For all technical details, architecture info, common pitfalls, and code patterns, see this file.
Quick Reference
Primary Language: Python 3.11 + Bash
Key Dependencies: requests, tqdm
Runtime: Docker containers on domnet network
API Base: http://outline:3000 (internal, bypasses SSO)
Key Features:
- Export all collections with full document hierarchy
- Import back to Outline preserving structure
- Automatic backups with 90%+ compression
- Dry-run mode for safe testing
- Retry logic for API reliability
Usage
Export (Backup)
# Run the export with tree visualization
./export_with_trees.sh
# Preview without exporting (dry run)
./export_with_trees.sh --dry-run
# Run with verbose output
./export_with_trees.sh -v
Export CLI Options:
--dry-run, -n Preview what would be exported without writing files
--output, -o DIR Output directory (overrides settings.json)
--verbose, -v Increase verbosity (-vv for debug)
--skip-verify Skip post-export verification
--skip-health-check Skip pre-export health check
--settings FILE Path to settings file (default: settings.json)
Import (Restore)
# Import all collections from outline_export/
./import_to_outline.sh
# Preview what would be imported (no changes made)
./import_to_outline.sh --dry-run
# Import into a single timestamped collection
./import_to_outline.sh --single
# Import from a different directory
./import_to_outline.sh -d exports/
# Overwrite existing collections
./import_to_outline.sh --force
Import CLI Options:
-s, --single Import all into single timestamped collection
-n, --dry-run Preview operations without making changes
-d, --source DIR Source directory (default: outline_export)
-v, --verbose Increase verbosity (-vv for debug)
-f, --force Overwrite existing collections (instead of skip)
--settings FILE Path to settings file (default: settings.json)
-h, --help Show help message
Running Python Scripts Directly
If you need to run the Python scripts directly (e.g., for debugging):
# Export
docker run --rm --network domnet \
-v "$(pwd):/work" \
-w /work \
python:3.11-slim \
bash -c "pip install -q requests tqdm && python3 outline_export_fixed.py --dry-run"
# Import
docker run --rm --network domnet \
-v "$(pwd):/work" \
-w /work \
python:3.11-slim \
bash -c "pip install -q requests tqdm && python3 outline_import.py --dry-run"

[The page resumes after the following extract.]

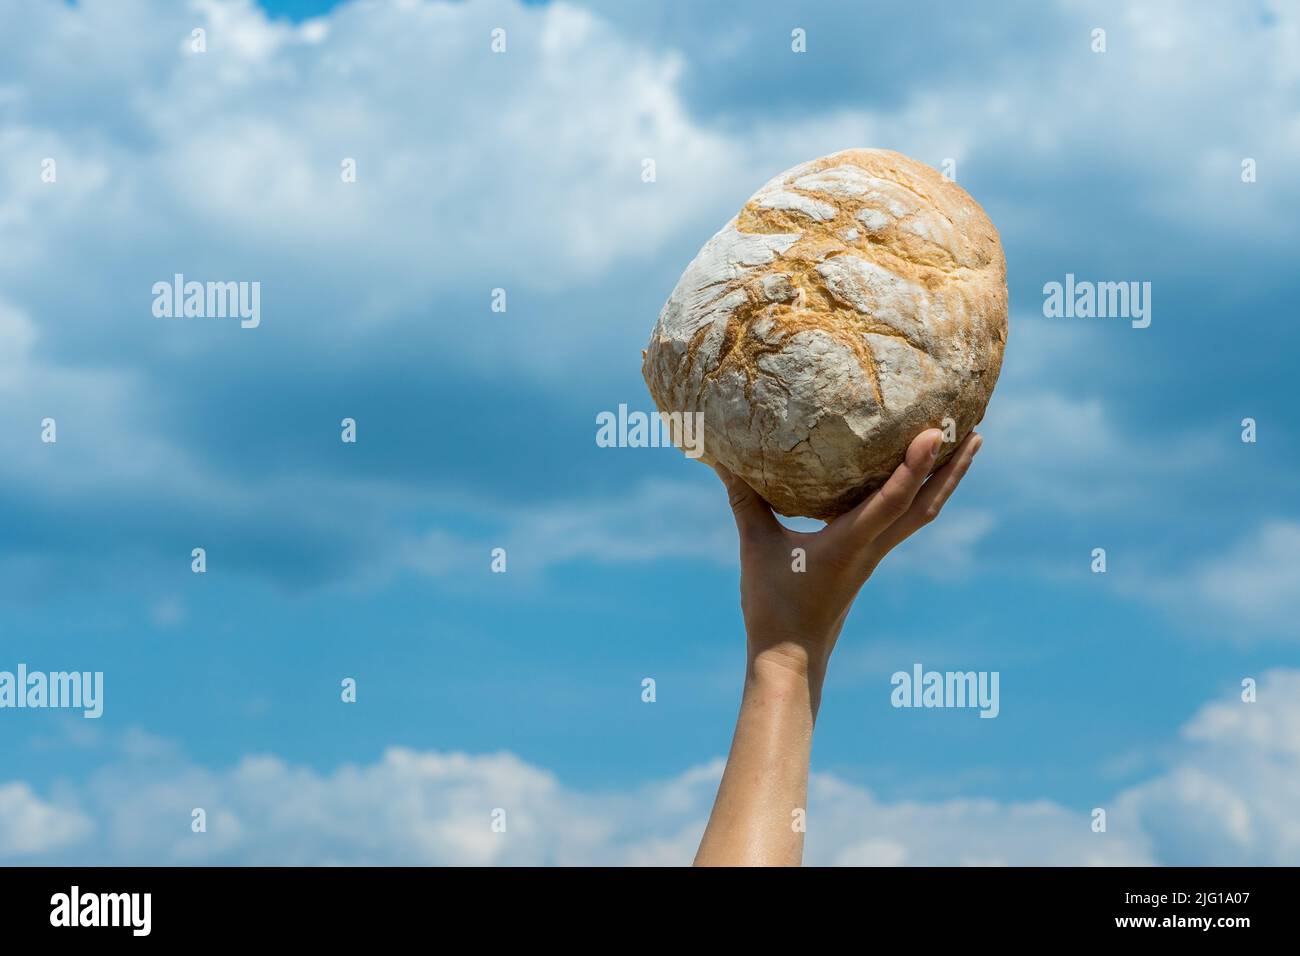 Les mains des femmes tenant le pain cuit maison au-dessus de sa tête sur un ciel bleu d'été. Concept de sécurité alimentaire mondiale. Banque D'Images
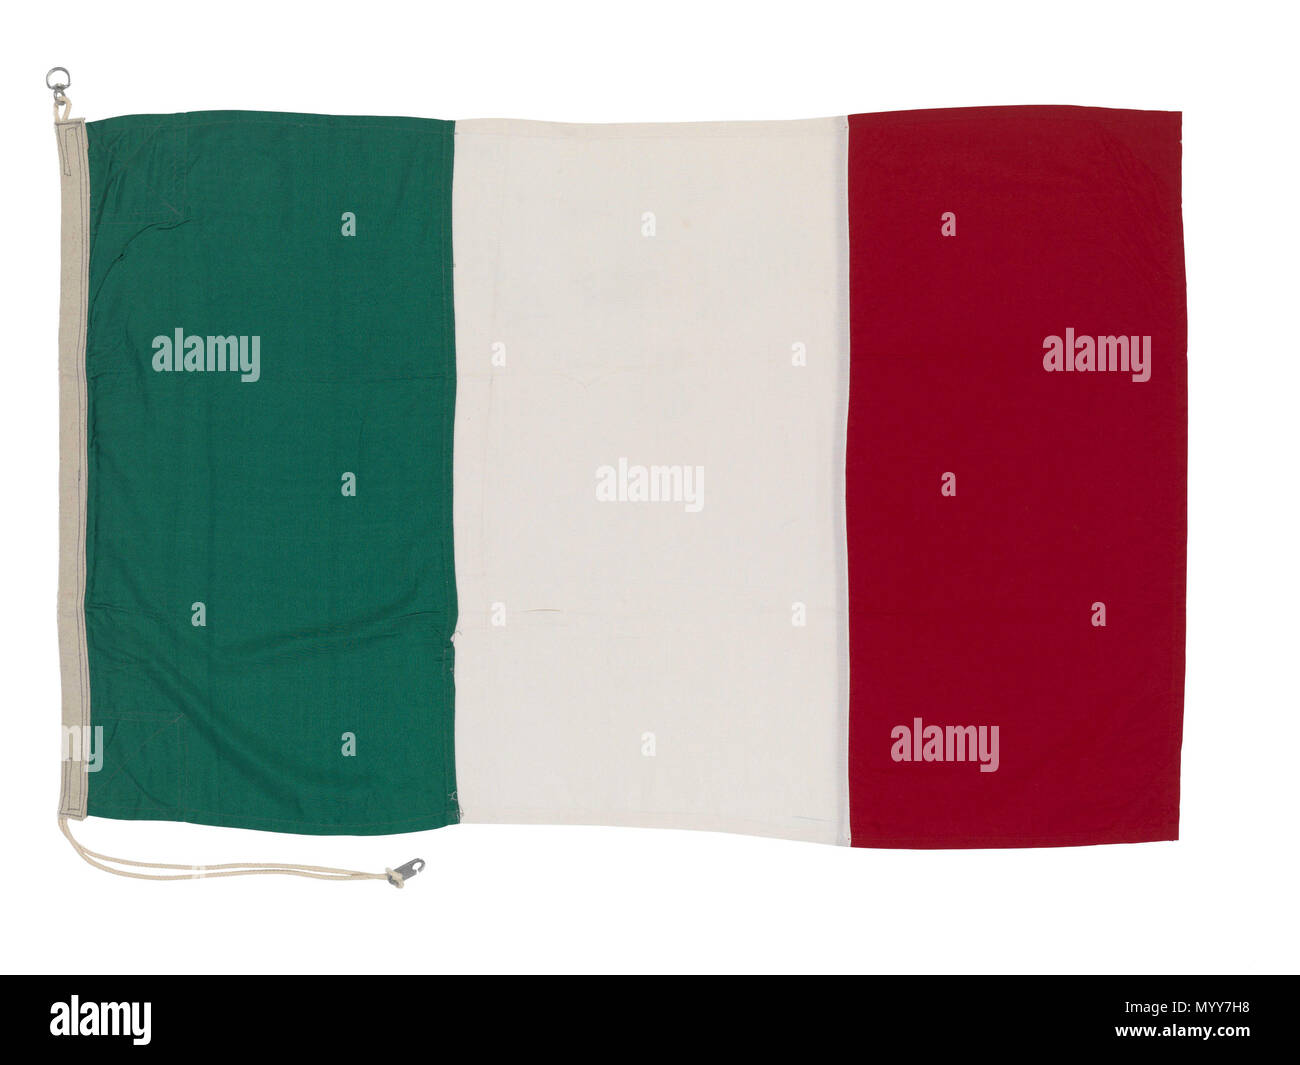 . Inglese: bandiera nazionale dell'Italia (dopo 1946) Post 1946 Italiano bandiera nazionale in fibra sintetica bunting con un tampone di cotone e lino blend paranco. La bandiera è macchina cucita con una corda e due fascette di alluminio attaccato. Essa ha tre strisce verticali in verde, bianco e rosso. Bandiera nazionale dell'Italia (dopo 1946) . dopo il 1946. Rudolph Equitz & Co 73 bandiera nazionale dell'Italia (dopo 1946) RMG L0134 Foto Stock

Note: The shell wrappers (export_with_trees.sh, import_to_outline.sh) provide better UX with tree visualization and colored output.
Agent Operating Guidelines
1. Configuration
Settings are in settings.json:
{
"source": {
"url": "http://outline:3000",
"token": "your-api-token-here"
},
"export": {
"output_directory": "outline_export"
},
"advanced": {
"max_hierarchy_depth": 100
}
}
Important: settings.json contains secrets (API token) and should never be committed to git.
2. Architecture Understanding
This tool operates in a Docker-isolated environment to bypass Authentik SSO:
- All Python scripts run inside ephemeral Docker containers
- Network:
domnetbridge allows direct access to Outline's internal API - No persistent container state - dependencies installed on each run
Critical Context:
- The
http://outline:3000URL only works inside the Docker network - External access would require SSO authentication through Authentik
- This design is intentional for automated backup/restore operations
Export Flow
- Health Check: Verify API connectivity
- Fetch Collections: Via
/api/collections.list - Build Tree: Get navigation tree via
/api/collections.documents(source of truth for hierarchy) - Fetch Content: Full document content via
/api/documents.info(with caching) - Export Recursively: Maintain parent-child structure
- Save Metadata:
_collection_metadata.jsonper collection - Create Backup: Archive previous export to
outline_backup_*.tar.gz - Verify: Generate manifest with checksums
Import Flow
- Health Check: Verify API connectivity
- Load Metadata: Read
_collection_metadata.jsonfrom each collection directory - Build Tree: Reconstruct document hierarchy from metadata
- Create Collections: Via
/api/collections.create - Create Documents: Via
/api/documents.createwith properparentDocumentId - Map IDs: Track old IDs → new IDs to maintain hierarchy
- Display Progress: Tree-style output with status indicators
Core Components Pipelines
Export Pipeline:
export_with_trees.sh → Docker container → outline_export_fixed.py
↓
Fetches collections → Builds document tree → Exports markdown + metadata
↓
Creates backup → Verifies integrity → Displays summary
Import Pipeline:
import_to_outline.sh → Docker container → outline_import.py
↓
Reads metadata → Validates structure → Creates collections
↓
Uploads documents → Maintains hierarchy → Reports status
3. Import Modes
Each subdirectory becomes a separate collection:
outline_export/
├── Bewerbungen/ → Creates "Bewerbungen" collection
├── Projekte/ → Creates "Projekte" collection
└── Privat/ → Creates "Privat" collection
Single Collection (--single)
All content goes into one timestamped collection:
outline_export/
├── Bewerbungen/ → Becomes parent doc "Bewerbungen"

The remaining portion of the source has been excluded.